Right to object (Art. 21): You can object to processing based on legitimate interest, including marketing.
Right to withdraw consent: Where processing is based on consent, you can withdraw it at any time.

To exercise any of these rights, contact us at privacy@nemilab.com. We will respond within 30 days as required by law. If you are not satisfied with our response, you have the right to lodge a complaint with your local data protection authority. In the Netherlands, this is the Autoriteit Persoonsgegevens (autoriteitpersoonsgegevens.nl).

10. Email Communications

We send the following types of emails:

Transactional emails: Account confirmations, download notifications, billing receipts, and security alerts. These are necessary for the Service and cannot be opted out of.
Marketing emails: Product updates, new features, and promotional offers. You can unsubscribe at any time using the link in every email or through your email preferences.

All marketing emails comply with GDPR requirements and include a clear unsubscribe mechanism. We honor all unsubscribe requests promptly.

11. Data Security

We implement appropriate technical and organizational measures to protect your personal data, including:

Client-side encryption of uploaded files before they leave your device.
Encrypted data transmission using TLS/HTTPS.
Secure storage infrastructure with access controls.
Regular security reviews and updates.
Limited employee access to personal data on a need-to-know basis.

In the event of a data breach that poses a risk to your rights and freedoms, we will notify the relevant supervisory authority within 72 hours and inform affected users without undue delay, as required by GDPR Articles 33 and 34.

12. Children's Privacy

The Service is not directed at children under the age of 16. We do not knowingly collect personal data from children under 16. If we become aware that we have collected personal data from a child under 16 without parental consent, we will take steps to delete that data promptly.

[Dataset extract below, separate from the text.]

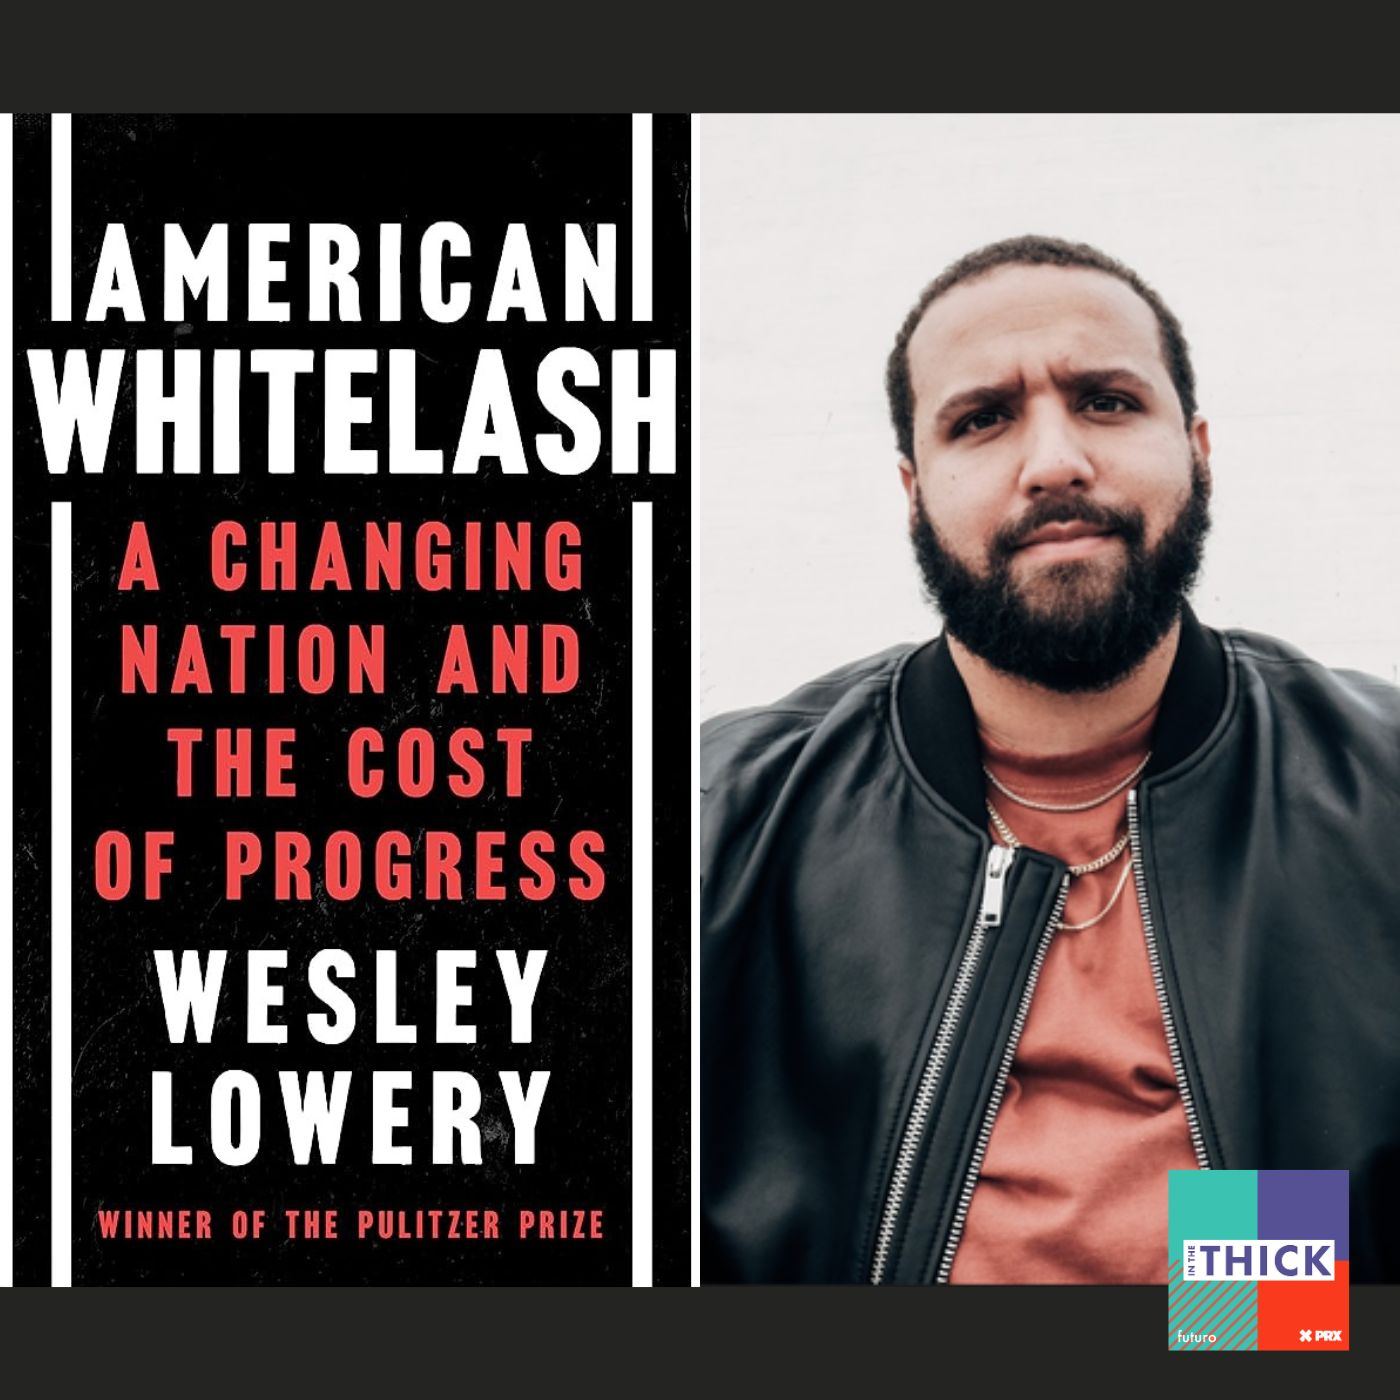 American Whitelash
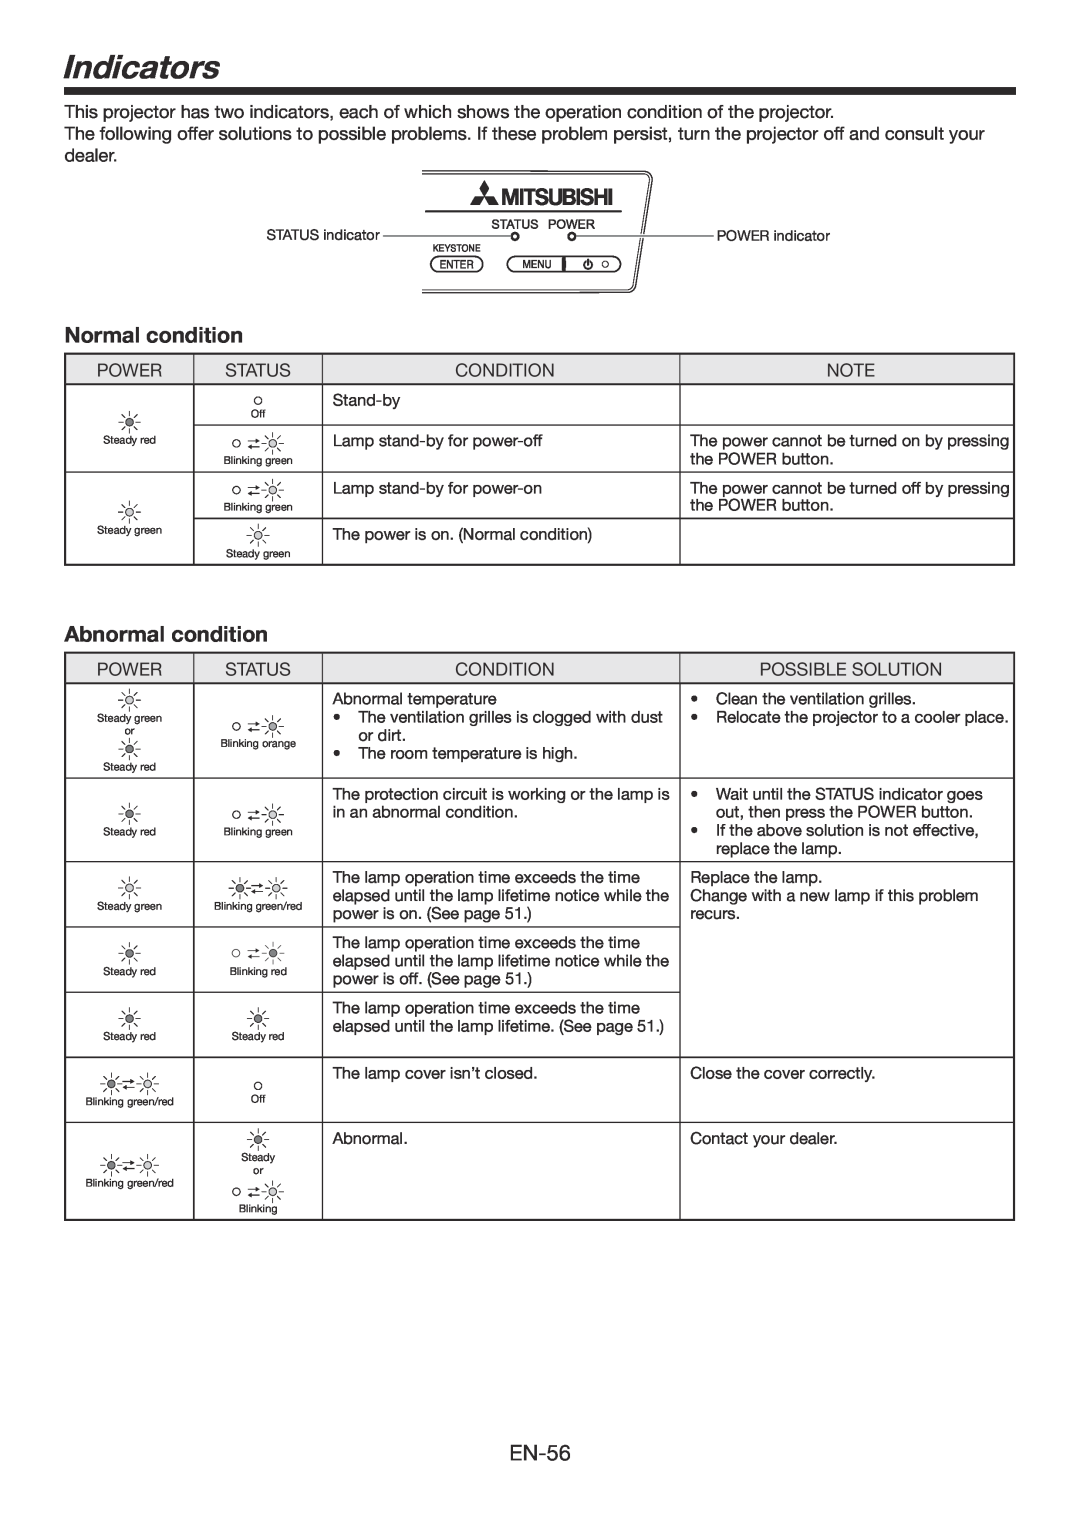 Mitsubishi Electronics WD385U-EST user manual Indicators, Normal condition, Abnormal condition

13. Changes to This Policy

We may update this Privacy Policy from time to time to reflect changes in our practices or applicable law. If we make material changes, we will notify you by email or by posting a prominent notice on the Service. The "Last updated" date at the top of this page indicates when this policy was last revised.

14. Contact Us

For any questions, concerns, or requests regarding this Privacy Policy or your personal data, please contact us:

GuusLab (trading as Nemi)
Emmaweg 46, 3603 AM Maarssen, Utrecht, The Netherlands
KVK: 95954600
BTW: NL005184094B33
Email: privacy@nemilab.com

You also have the right to lodge a complaint with a supervisory authority, in particular in the EU Member State of your habitual residence, place of work, or place of the alleged infringement.